I found myself giving some thought to the question that Linda posed to the class last week: “What is the most serious and immediate [environmental] crisis?” What is critical, and what is fixable? Mainly I wondered how it is even possible for the average person to assess whether human alienation from nature is a more serious issue than desertification, global warming, acid rain, environmental pesticides, or any of the other environmental crises that humans have created? How did we get here, and where are we going? Is it them, or is it us? What do we know, and how can we use this knowledge?
The environmental issues facing humans are so complex and so completely relative to the micro-level realities of place, time, politics, and economics for every individual on the planet that I cannot truly comprehend the existence of a villager in a third-world country, of a farmer in my own state, or even the life of someone who lives less than a mile away from me, even though I have spent time in all of these places. Those who are educated and informed know this quandary. Leopold asserts, “One of the penalties of an ecological education,” Leopold writes, “is that one lives alone in a world of wounds. Much of the damage inflicted on land is quite invisible to laymen” (197).

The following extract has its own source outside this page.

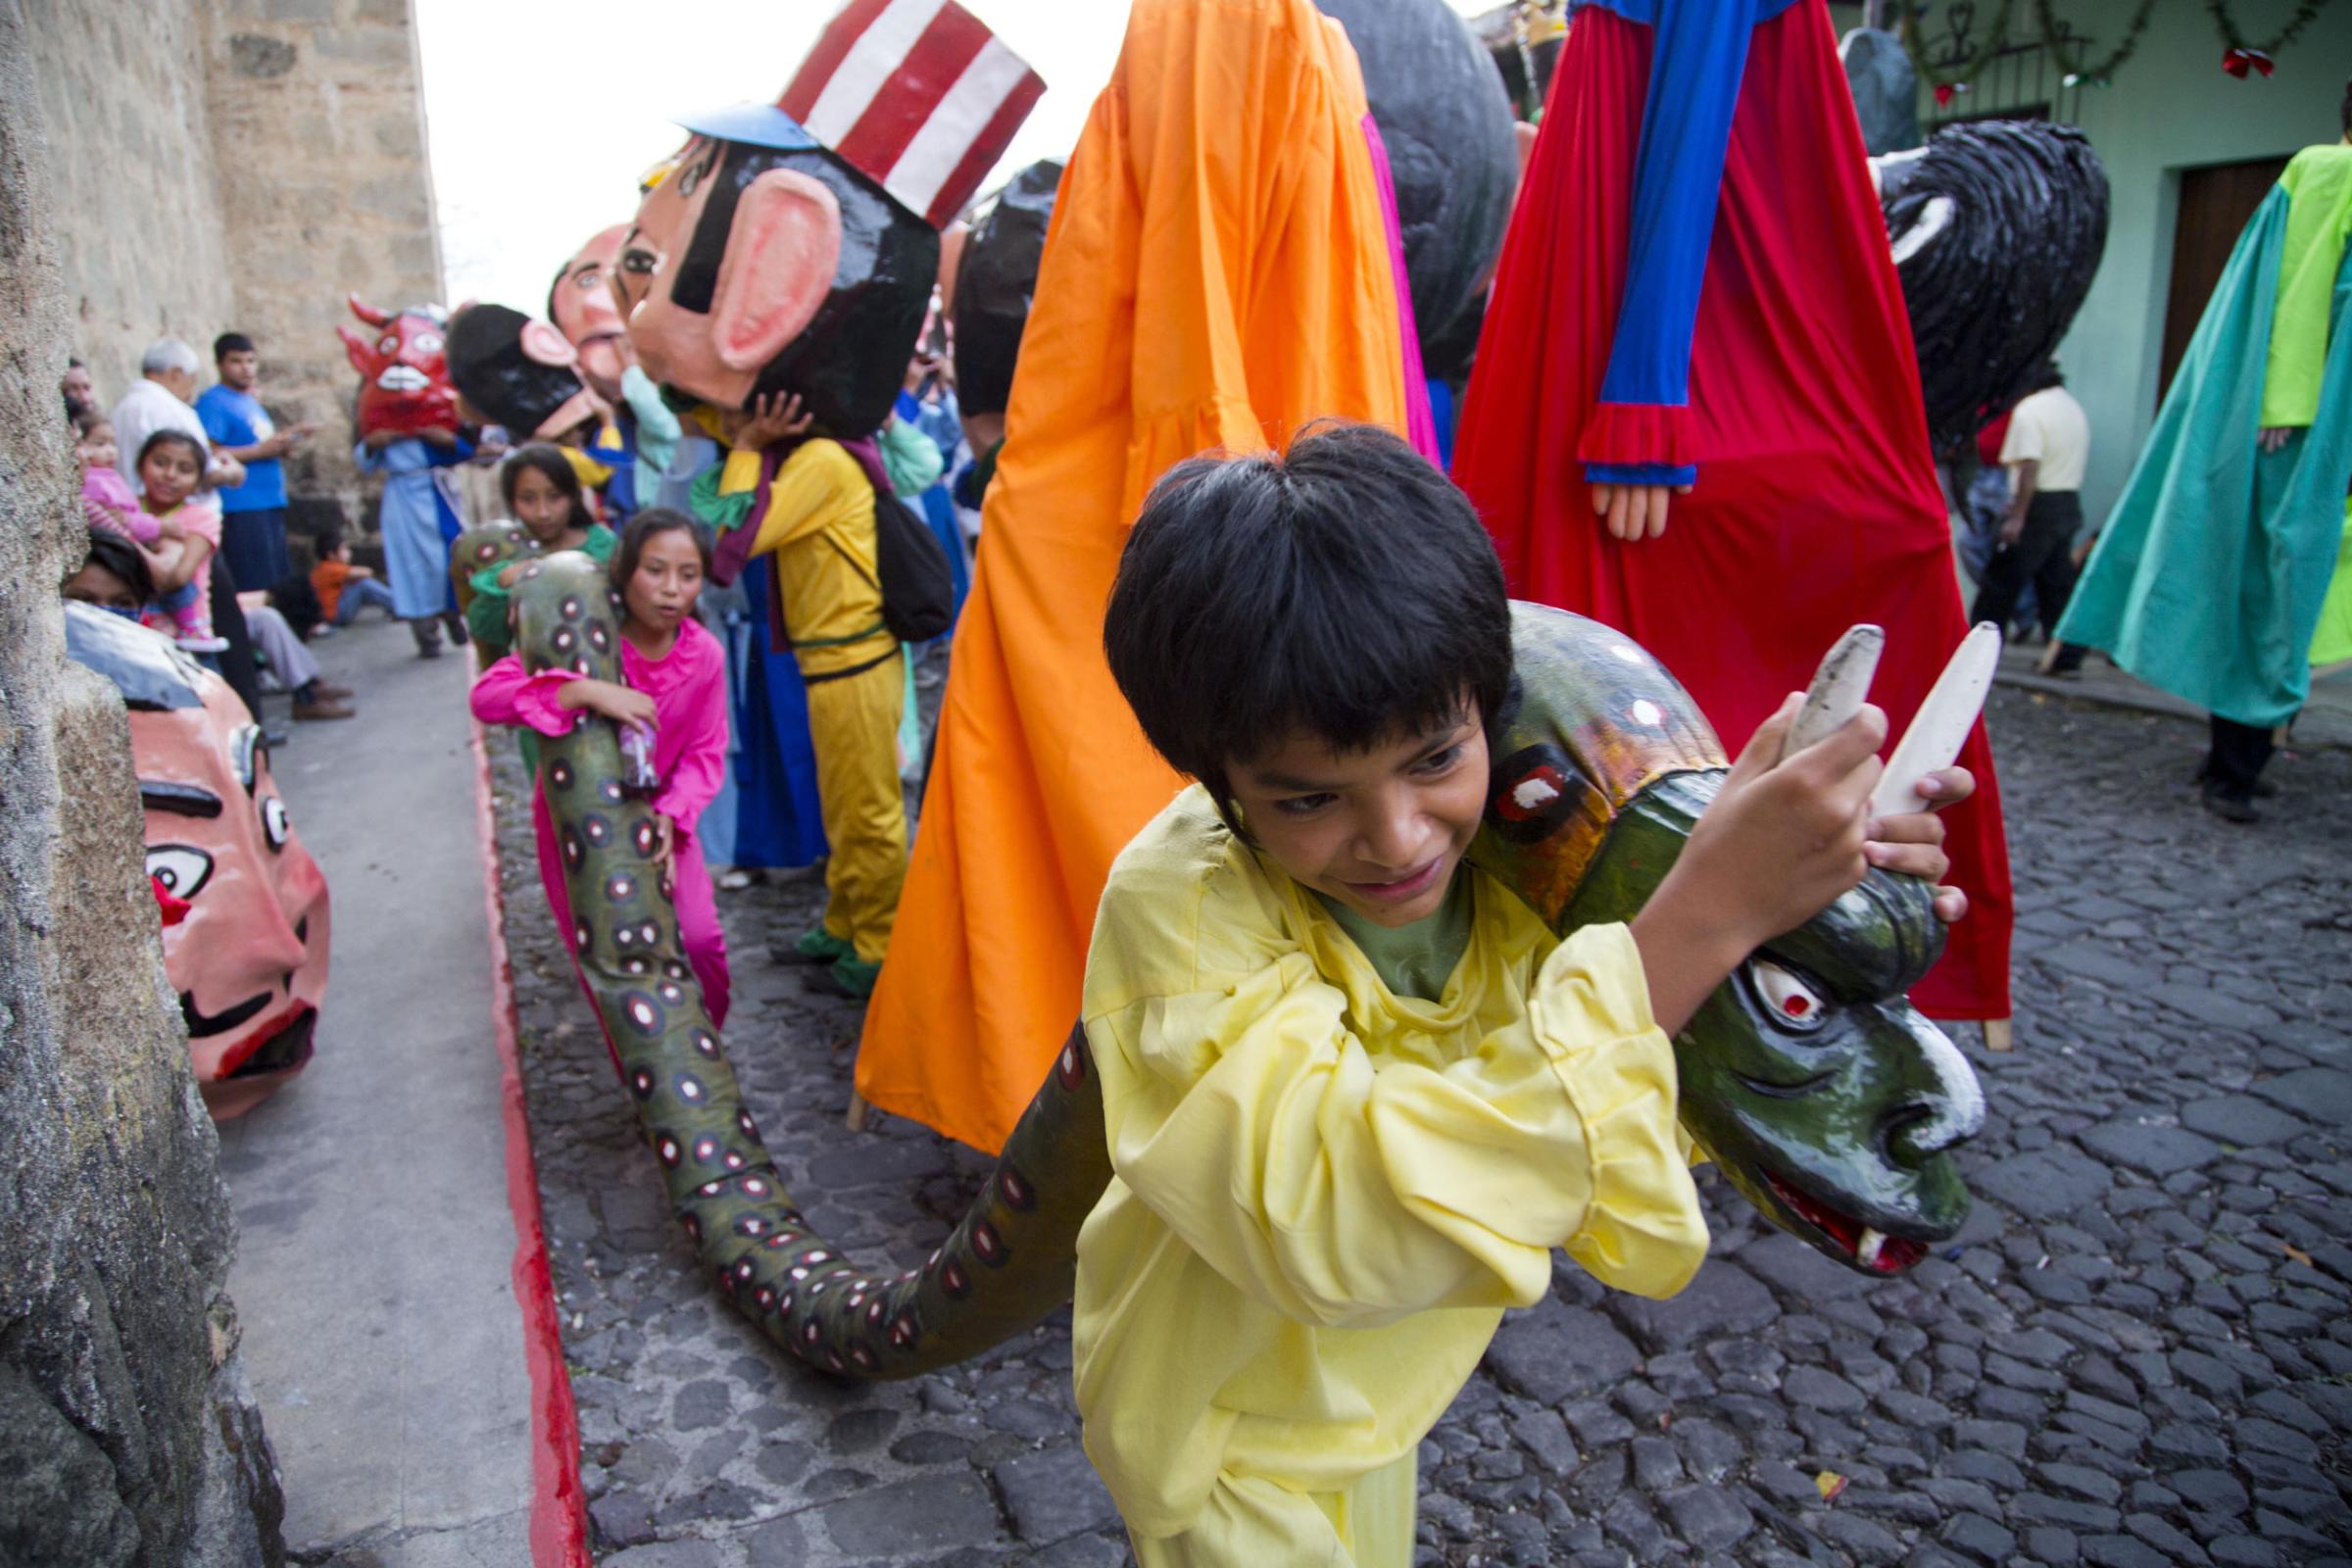 Children carry a snake made out of rags and paper mache as they take part in the traditional dance of "Los Gigantes," or "The Giants," during Christmas celebrations on Christmas Eve in Antigua Guatemala on Dec. 24, 2014.

Like the lens through which Leopold, Dillard, and Lopez view nature and wilderness, the lens that we view everything through focuses sharply when we are close up and surrounded by unfamiliar environments that we place ourselves in either through travel or inquiry. It is when we have the opportunity to view a place up close and first-hand that our perceptions evolve, perhaps enough to connect us with the real, living version of life—as opposed to life as we imagine it from the vantage point of insular existence from our homes and classrooms.
Education, Leopold feels, keeps us at a far remove from understanding relationships: “This science of relationships is called ecology, but what we call it matters nothing. The question is, does the educated citizen know he is only a cog in an ecological mechanism?...If education does not teach us these things, then what is education for?” (210).
Environment of Human Resources. It is our duty to save for our last generation. The story of environmentis perfect and scientifically.